**Work to be completed:** The required output is a verbatim transcription of the listing, pictures excluded.

**Data block:**
○ ○ ○ ○ ○
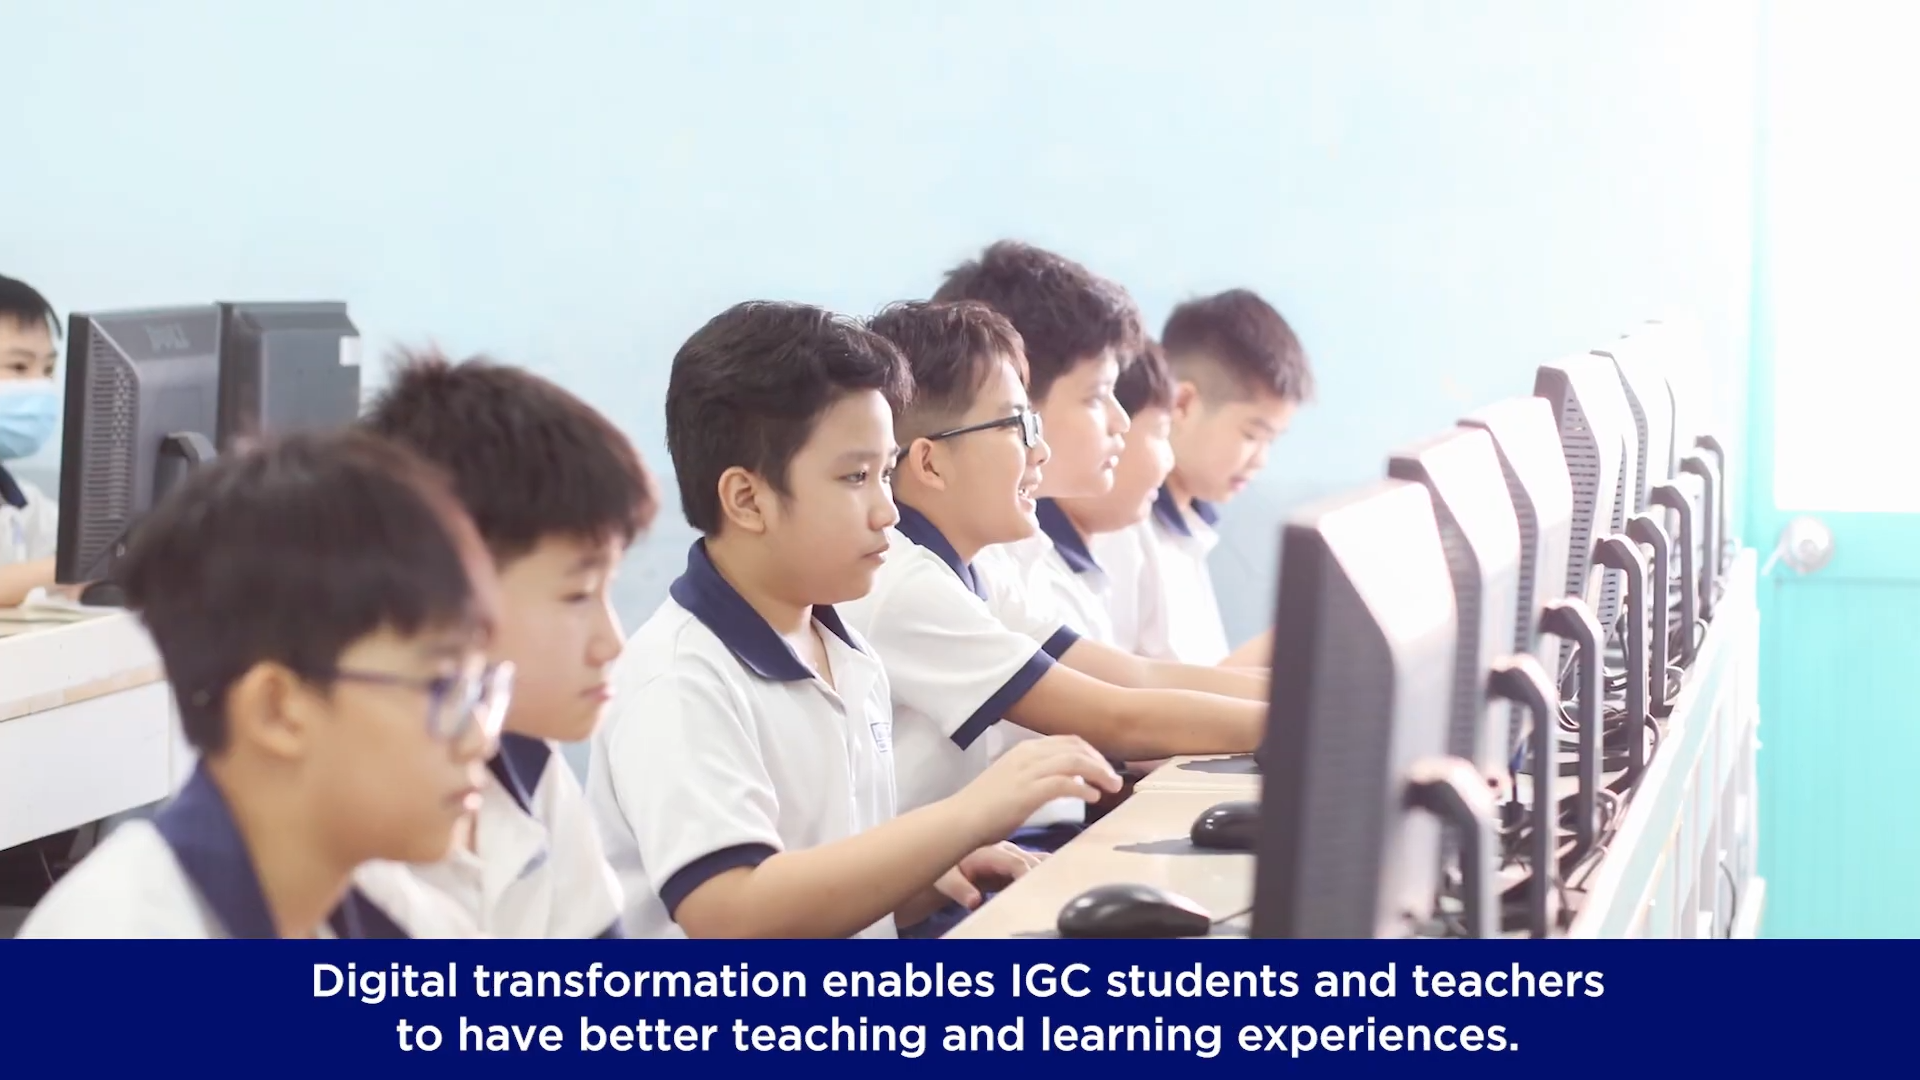 Giới thiệu Tập đoàn Giáo dục IGC
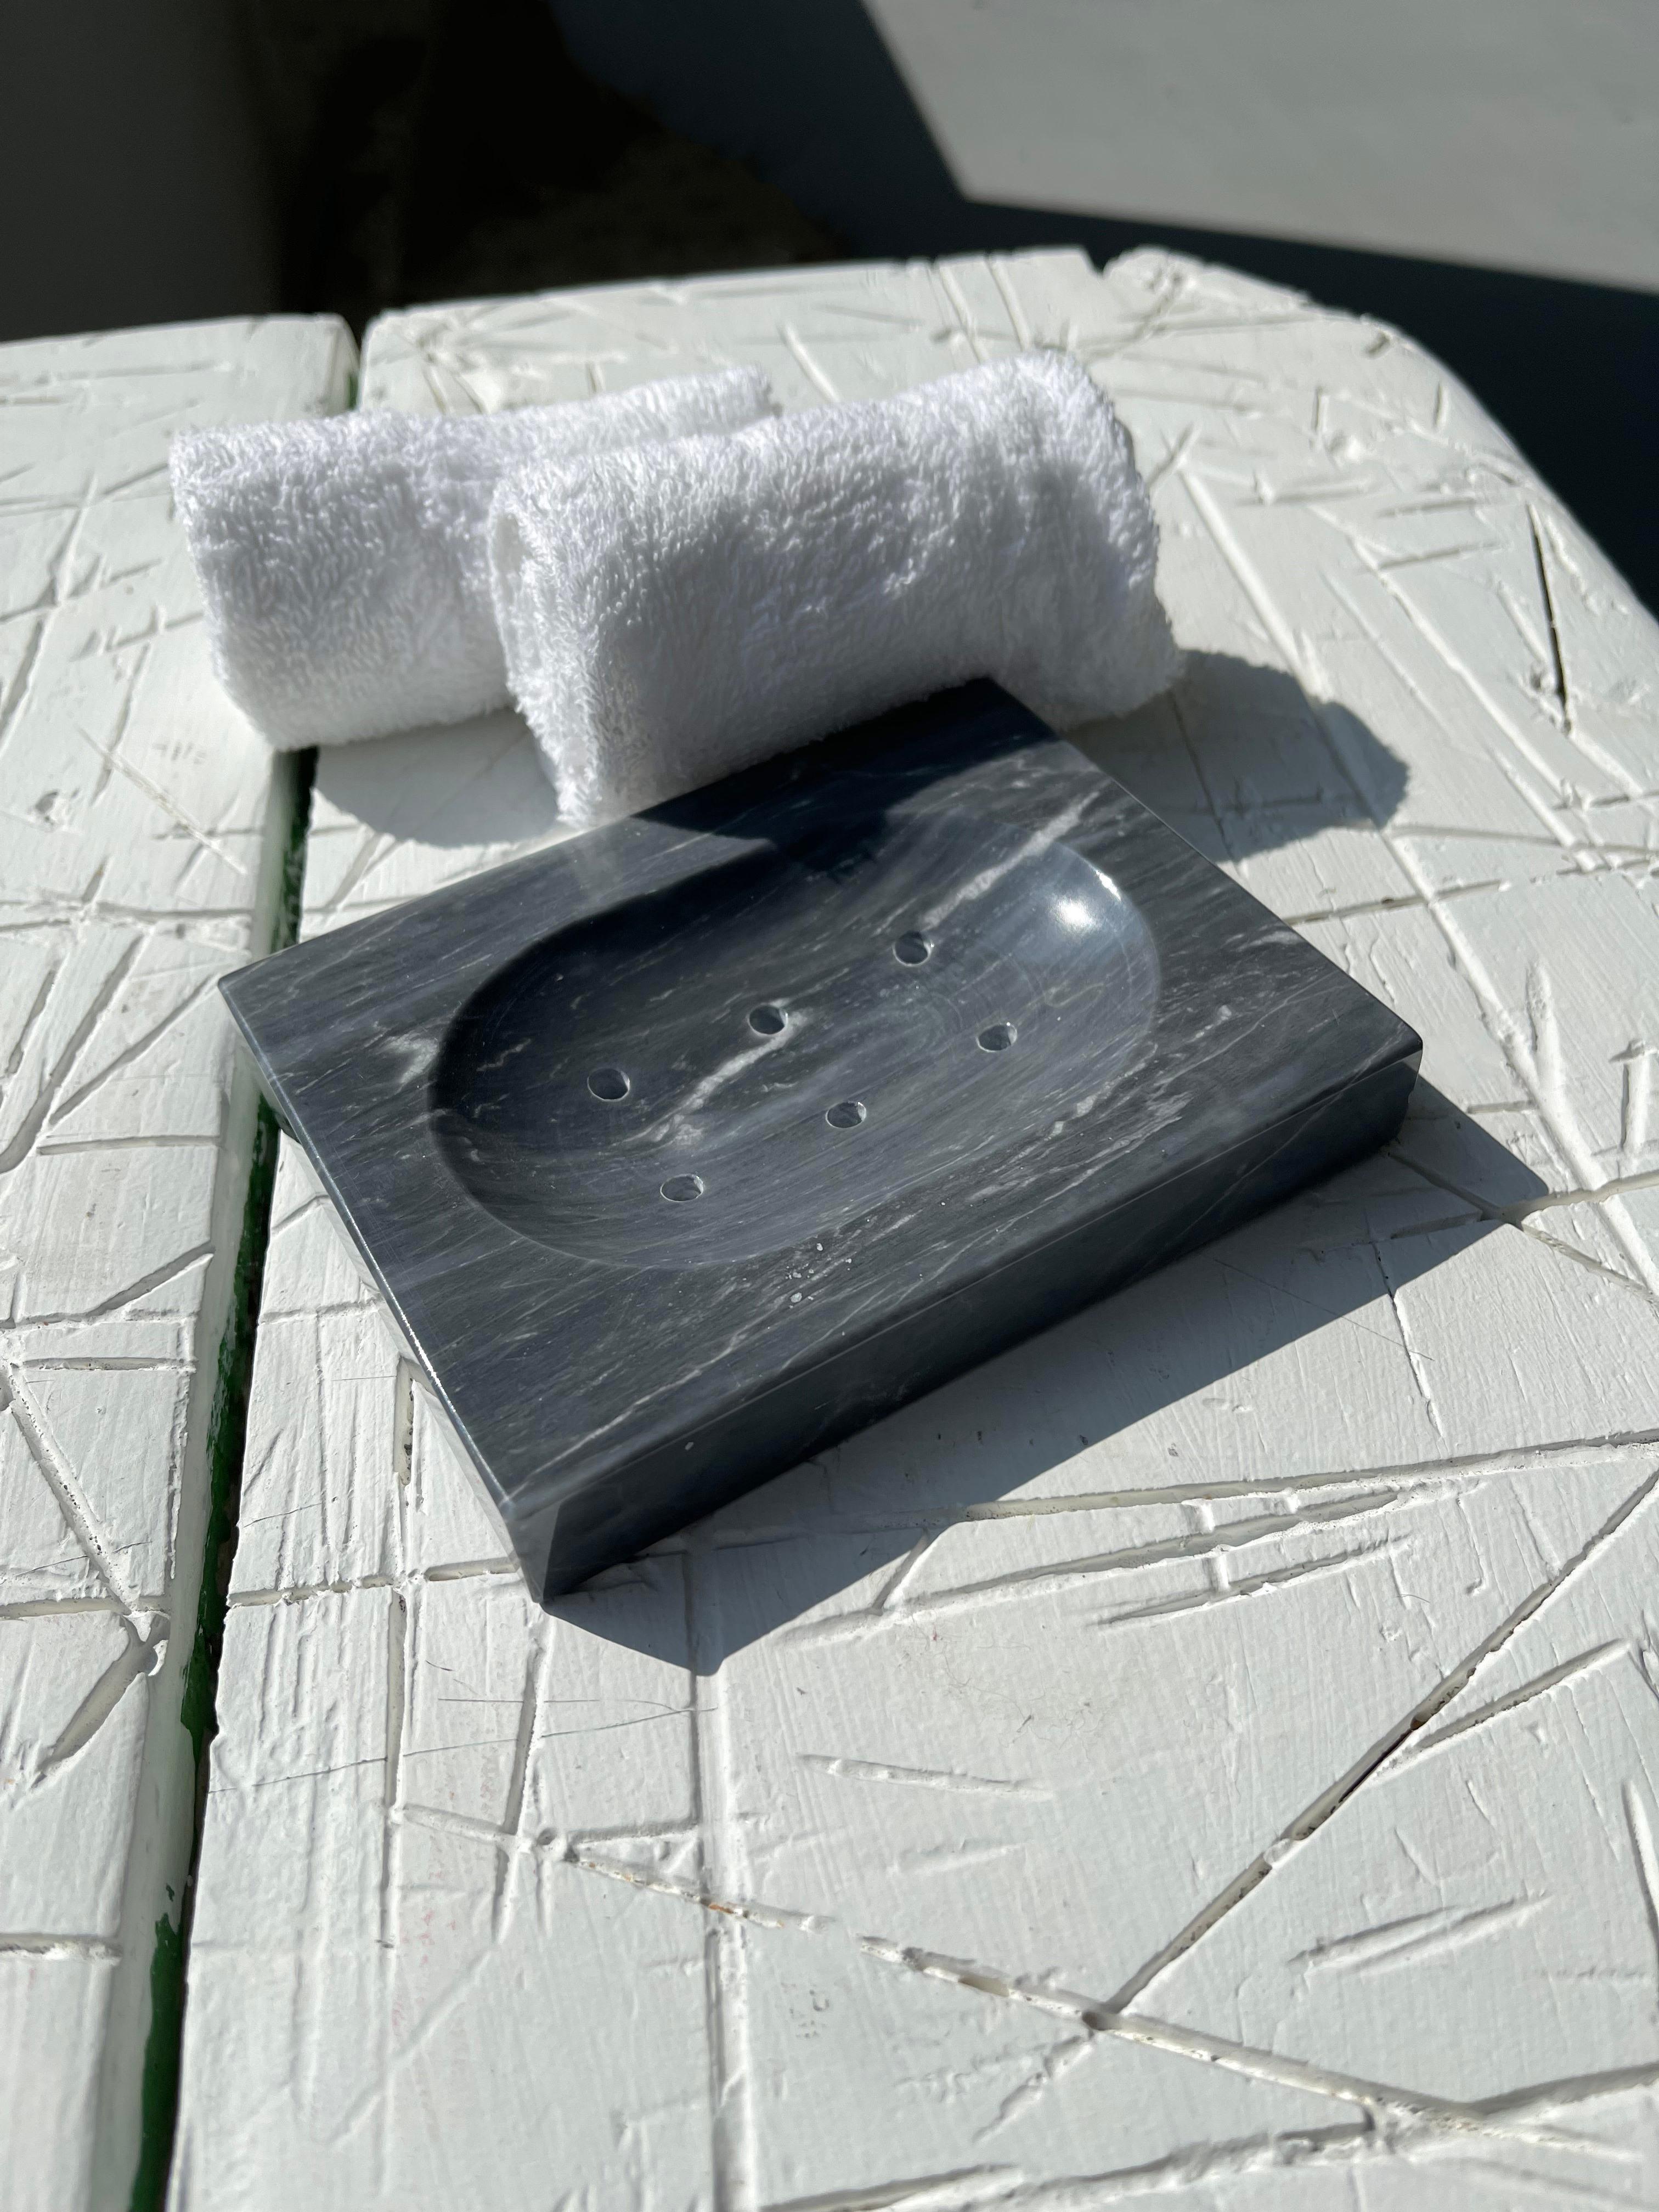 Quadratische Seifenschale aus grauem Bardiglio-Marmor mit kleinen Löchern für Wasser.

Jedes Stück ist in gewisser Weise einzigartig (da jeder Marmorblock unterschiedliche Maserungen und Schattierungen aufweist) und wird in Italien handgefertigt.
○ ○ ○ ○ ○
**Solution to this problem:**
 Giới thiệu Tập đoàn Giáo dục IGC
 Quadratische Seifenschale aus grauem Bardiglio-Marmor mit kleinen Löchern für Wasser.

Jedes Stück ist in gewisser Weise einzigartig (da jeder Marmorblock unterschiedliche Maserungen und Schattierungen aufweist) und wird in Italien handgefertigt.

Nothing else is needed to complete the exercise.